## Supervised Evaluation of Top-k Itemset Mining Algorithms

Accepted at DAWAK ’15: 17th International Conference on Data Warehousing and Knowledge Discovery [1].

Abstract. A major mining task for binary matrixes is the extraction of approximate top-k patterns that are able to concisely describe the input data. The top-k pattern discovery problem is commonly stated as an optimization one, where the goal is to minimize a given cost function, e.g., the accuracy of the data description. In this work, we review several greedy state-of-the-art algorithms, and propose a methodology to compare the patterns extracted. In evaluating the set of mined patterns, we aim at overcoming the usual assessment methodology, which only measures the given cost function to minimize. Thus, we evaluate how good are the models/patterns extracted in unveiling supervised knowledge on the data. To this end, we test algorithms and diverse cost functions on several datasets from the UCI repository. As contribution, we show that PaNDa+ performs best in the majority of the cases, since the classifiers built over the mined patterns used as dataset features are the most accurate.

### Evaluation methodology

We observe the lack of common real-world benchmarks, e.g., datasets for which the most important embedded patterns are known, and that can be used as a ground truth to evaluate and compare algorithms. We thus propose a supervised evaluation methodology of the extracted top-k patterns that measures and compares the ability of each algorithm in discovering interesting features that we can use to train accurate classifier.

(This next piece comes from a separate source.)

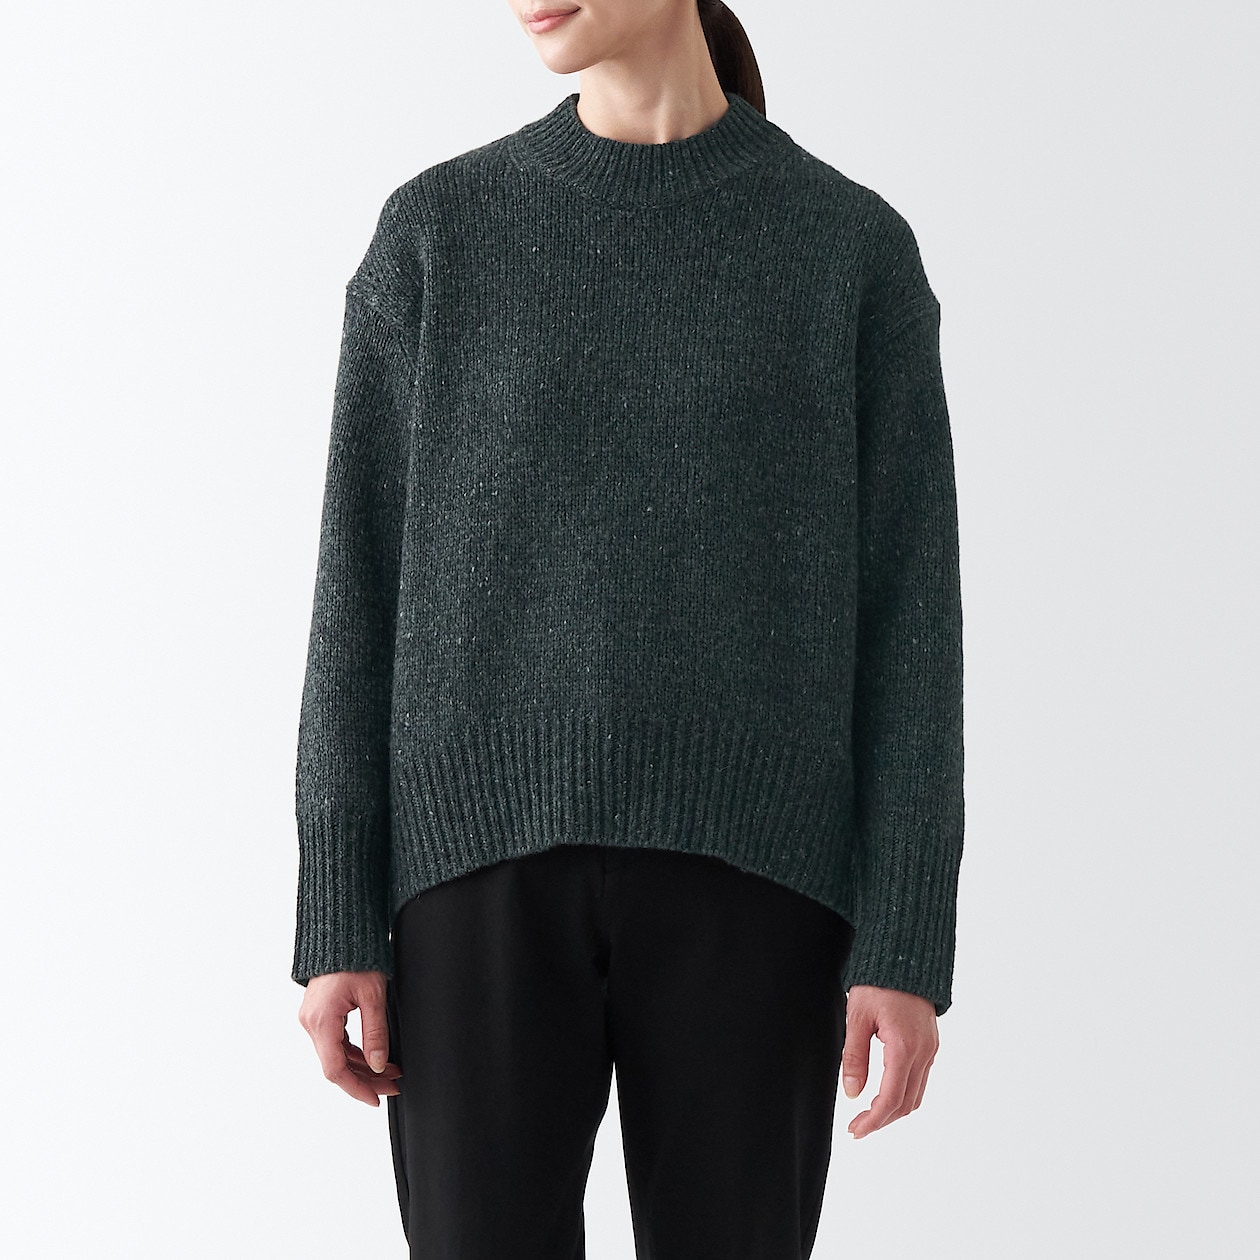 ウール混ネップ糸モックネックセーター 婦人M・ダークグレー | セーター・ベスト・ニット | 婦人・レディース 通販 | 無印良品

Each binary UCI dataset, from which the class labels is removed in advance, is
first subdivided into training and test set. We employ three state-of-the-art
algorithms, to extract a distinct a pattern set Π_{k} from the training set. Then, every
transaction in the training and test sets is mapped into the pattern space by
considering a binary feature for each approximate pattern in Π_{k} indicating its
presence/absence in the transaction. Note that the algorithms we evaluated produce,
for each pattern ⟨P_{I},P_{T}⟩∈ Π_{k}, the set of transactions P_{T} in the training where P_{I}
it occurs, and this set is used for the mapping. For what regards the test
set, we say that an approximate pattern P ∈ Π_{k} occurs in an unseen test
transaction t iff |P_{I} ∩ t|∕|P_{I}|≥ η, where η is the minimum intersection
ratio |P_{I} ∩ t^{*}|∕|P_{I}| for every training transaction t^{*}∈ P_{T}. The rationale is
to accept a pattern P for a test transaction t if it does not generate more
noise than what it has been observed in the training set. After mapping the
transactions into such pattern space, the class labels are restored in the
transformed training and test sets. The training set is thus used to train
an SVM classifier. Finally, the classifier is evaluated on the mapped test
set.

Results show that PaNDa+ outperforms all the other algorithms with a statistically significant improvement.